Given binary string str, and integers A, which denotes the cost of converting consecutive 1s to 0s, and B, which denotes the cost of converting 0s to 1s. The task is to find the minimum cost to reduce the string str to 0s only.
Examples:
Input: str = “01101110”, A = 5, B = 1
Output: 6
Explanation:
Convert the str[3] to ‘1’. Cost = 1, str = “01111110”.
Convert the substring {str[1], … str[6]} to ‘0’. Cost = 5, str = “00000000”.
Input: str = “1010010011110111”, A = 12, B = 14
Output: 60
Approach: The given problem can be solved based on the following observations:
For any pair of consecutive segments of 1s [L1, R1] and [L2, R2] (where L2 > R1), choose to either convert both segments to 0s for a cost of 2 * A or convert 0s between both these segments to 1s and convert [L1, R2] to 1s for a cost of A + (L2 – R1 – 1) * B.

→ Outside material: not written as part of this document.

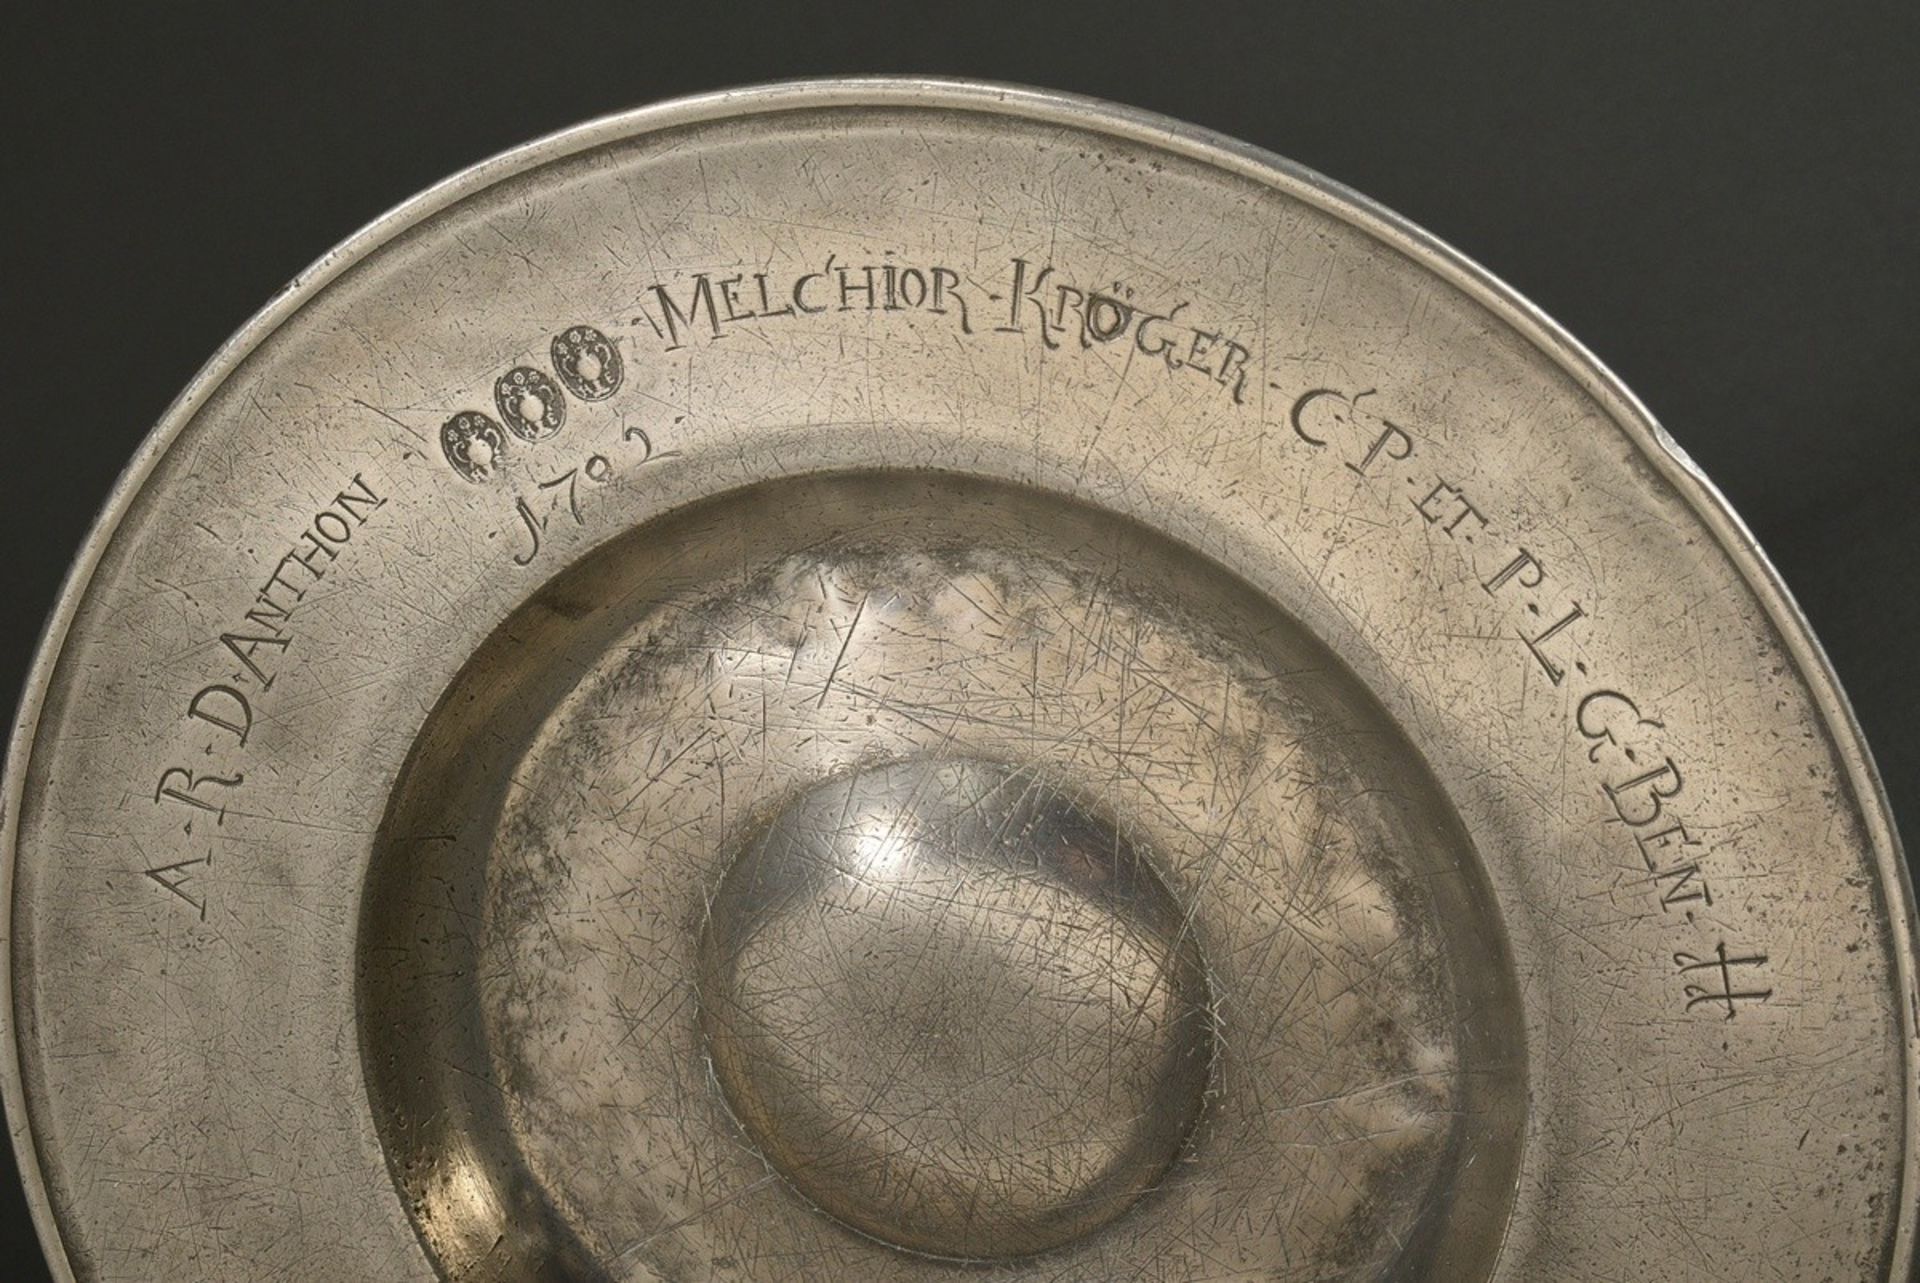 3 pewter wide rim plates with a humped centre, each dated and marked on the rim "A.R.D. Anthon Melc - Image 6 of 8

Follow the steps below to solve the problem:
- Initialize a variable left_1 and store the index of leftmost ‘1’ in str
- Initialize another variable right_1 and store the index of rightmost ‘1’ in str.
- If left_1 and right_1 do not exist, then str already consists of 0s only. Therefore, print 0 as the minimum cost
- Otherwise, there is at least one ‘1’ in str. Therefore, initialize cost = A.
- Iterate over the characters in string str from left_1 to right_1 with a pointer i
- Calculate the number of consecutive 0s to the right of i and store it in variable zeroes.
- If the length of zeroes exceeds 0, convert 0s to 1s for a cost of zeroes * B or convert consecutive 1s to 0s for the cost of A.
- Therefore, increment cost by min(zeroes * B, A)
- Finally, print the minimum cost obtained.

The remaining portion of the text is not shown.